殺奪せし者
【だがな、想造主は我を『子であり友』と称した。ただの主の駒である貴様に、同類などと一緒にされたくはない】
サタンが続けて言った言葉は、雲によって存在を霞まれようとも、抗うように燦然と輝く月の思わせた。
己と同じ、と言ったサタン自身に対する侮辱を晴らすために。
「私とあなたは同類だと思ったのですが……どうやら私は、あなたに怒りを売ってしまったようですね」
ニャルラトホテプは己の失言を恥じる。
【我に怒りを買わせたこと、後悔しても遅いが?】
サタンは万物を焼き尽くす炎ごとき畏怖を秘めながら言う。
「ふふ、なら軽く相手をしましょうか。あなたの主の罪から解き放たれた『闇と死滅の神ウィニラルス』の力で、ですが」
ニャルラトホテプは不敵な笑みを浮かべ、サタンと戦う意を示した。
【まさか……そのために黒霧狼を殺したのか!!】
黒霧狼。それは『アラスゼン』という神の狂気から解き放たれたウィニラルスの転生体の名である。
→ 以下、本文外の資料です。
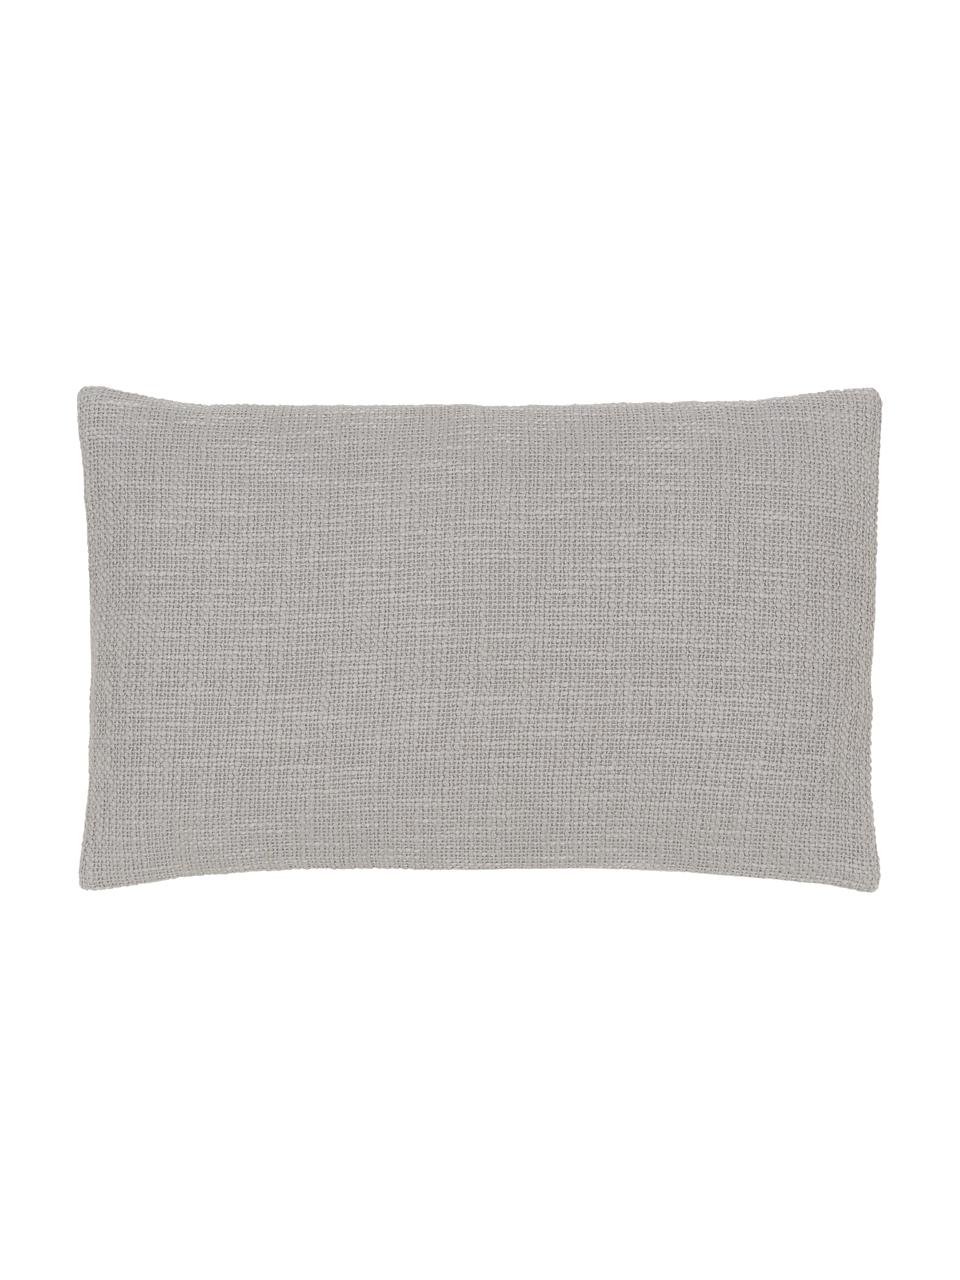 Poszewka na poduszkę Anise, 100% bawełna, Szary, S 30 x D 50 cm

ニャルラトホテプは、光と生命の女神リュミーレンの転生体である白鴉と黒霧狼の間に武力介入をし、両者を殺めたのだ。
そして、殺した黒霧狼の力――闇と死滅の神ウィニラルスの力――を奪い、世界滅亡のための糧とした。
それは、サタンが終わらせたはずの『神の狂気』によって生じた、再生と滅びの輪廻に未終を告げることと同様の意味を孕む。
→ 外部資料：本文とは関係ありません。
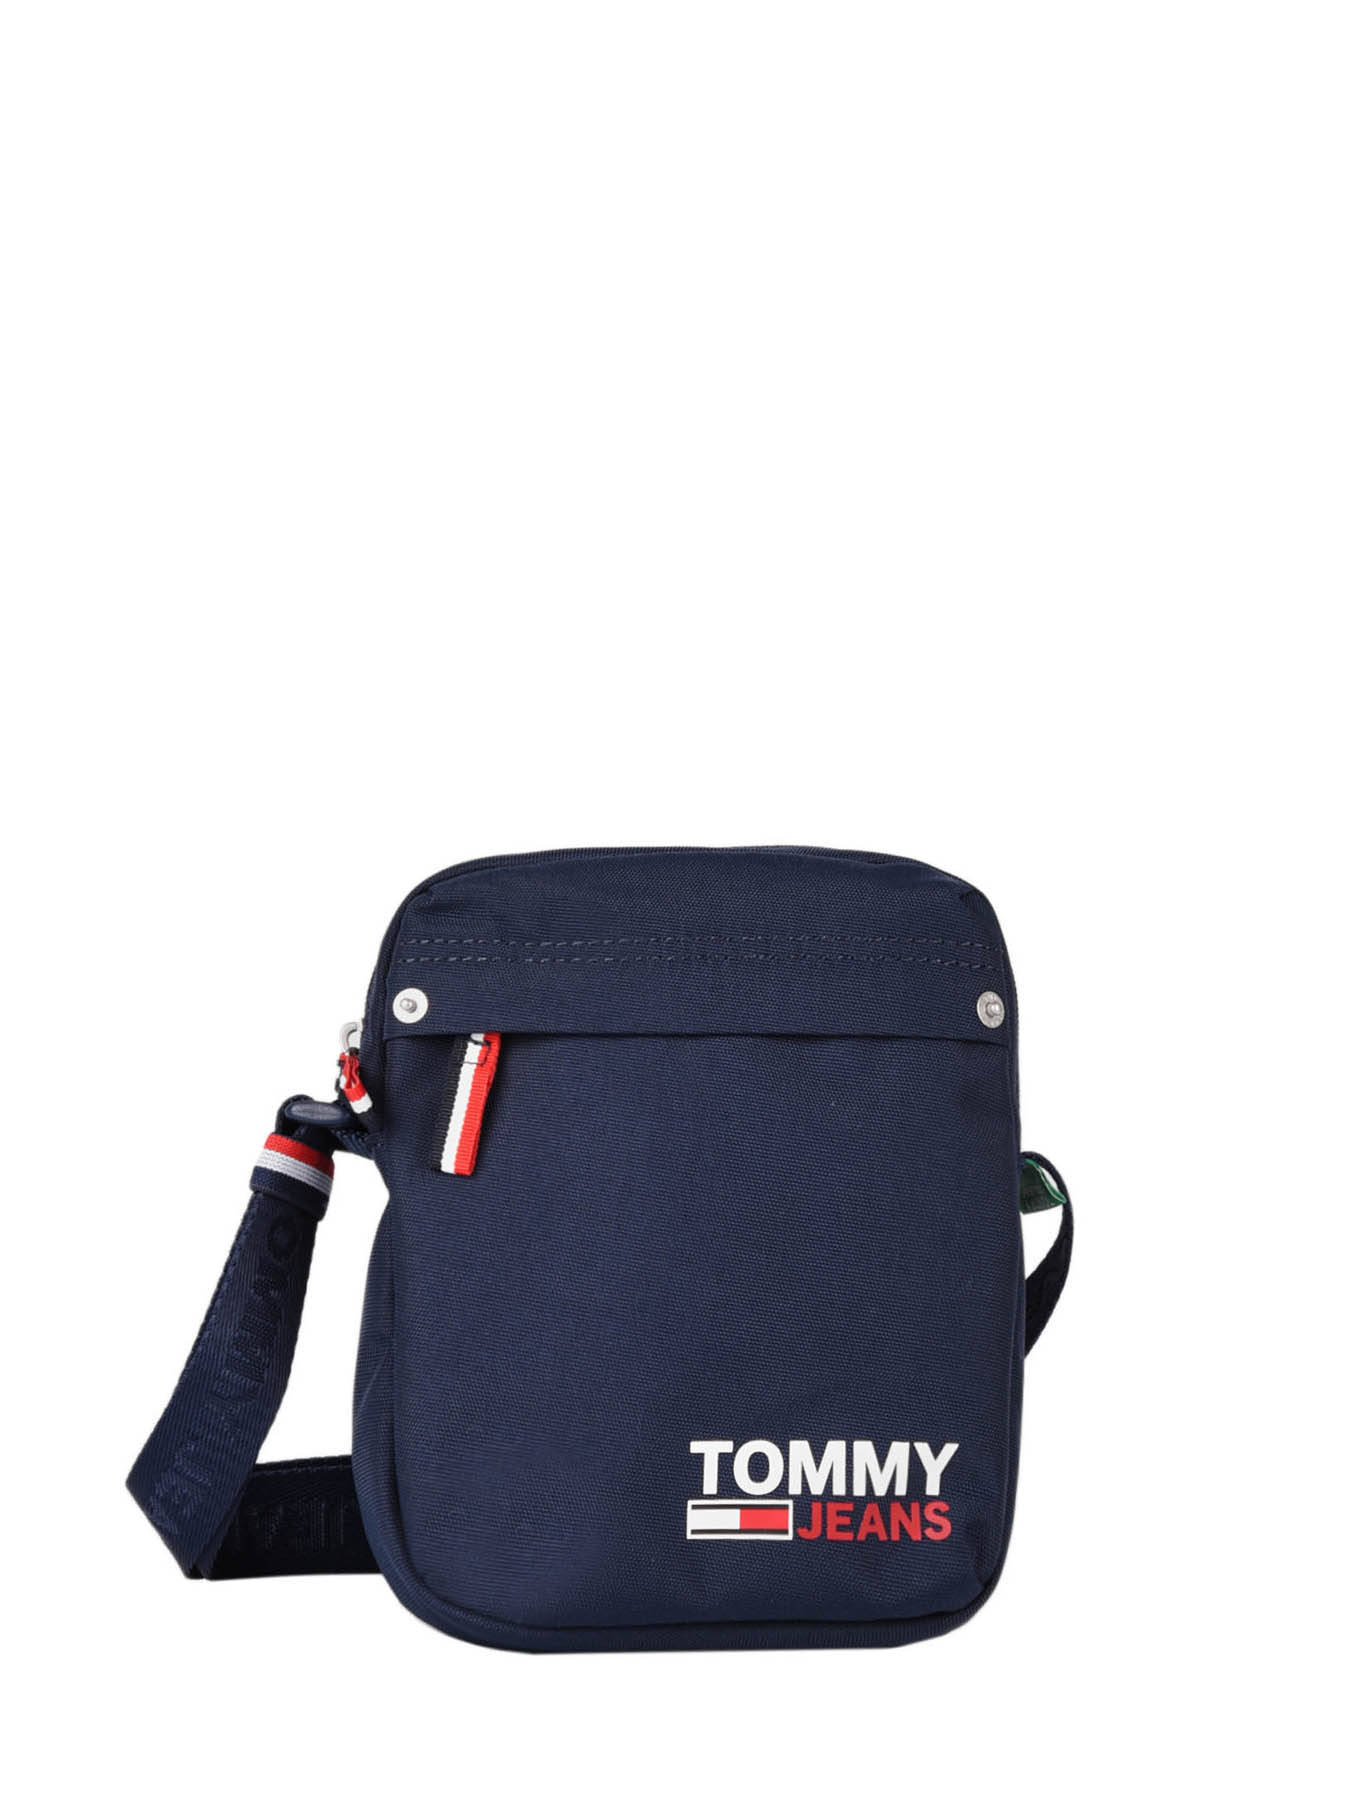 tommy jeans shoulder bag

例をあげるなら、癌を手術によって取り除いたところに、別の癌を置くようなものであり、それは手術の意味を成さない。
患者を騙して、激痛の苦しみの果てに死に至らしめる、殺人の大罪に等しい。
それと同じことを、ニャルラトホテプはやった。
サタンの行動を無意味にすることをやったのだ。
「ウィニラルスの力は、死滅を司る力。
そして、私の主の望みは世界滅亡。
私はそのための使者に過ぎません。
お分かりになりますか?
彼の力は私にとって、波長が合うことを。
そして、私の力の糧となったことを――!」
ニャルラトホテプは淀みなく言葉を紡ぎ出すと、ウィニラルスの力を吸収したことを示すように、凝縮された濃密な黒い魔力を全身から溢れ出した。
【それが貴様の得た力か。
良いだろう。貴様のその自信、打ち砕いてくれるわ!!】
ゴォォォ……!!
サタンの獅子のごとき吼えが、豪奢なる部屋を震わした。
「なら、こんな部屋などではなく、戦うのにふさわしい場所へ変えましょうか。お互いが憂慮なく戦えるように、ね」
パチンッ!
ニャルラトホテプが指を鳴らすと、空間に歪みが生まれ、捻れるように膨張しながら辺りの光景を変えていく。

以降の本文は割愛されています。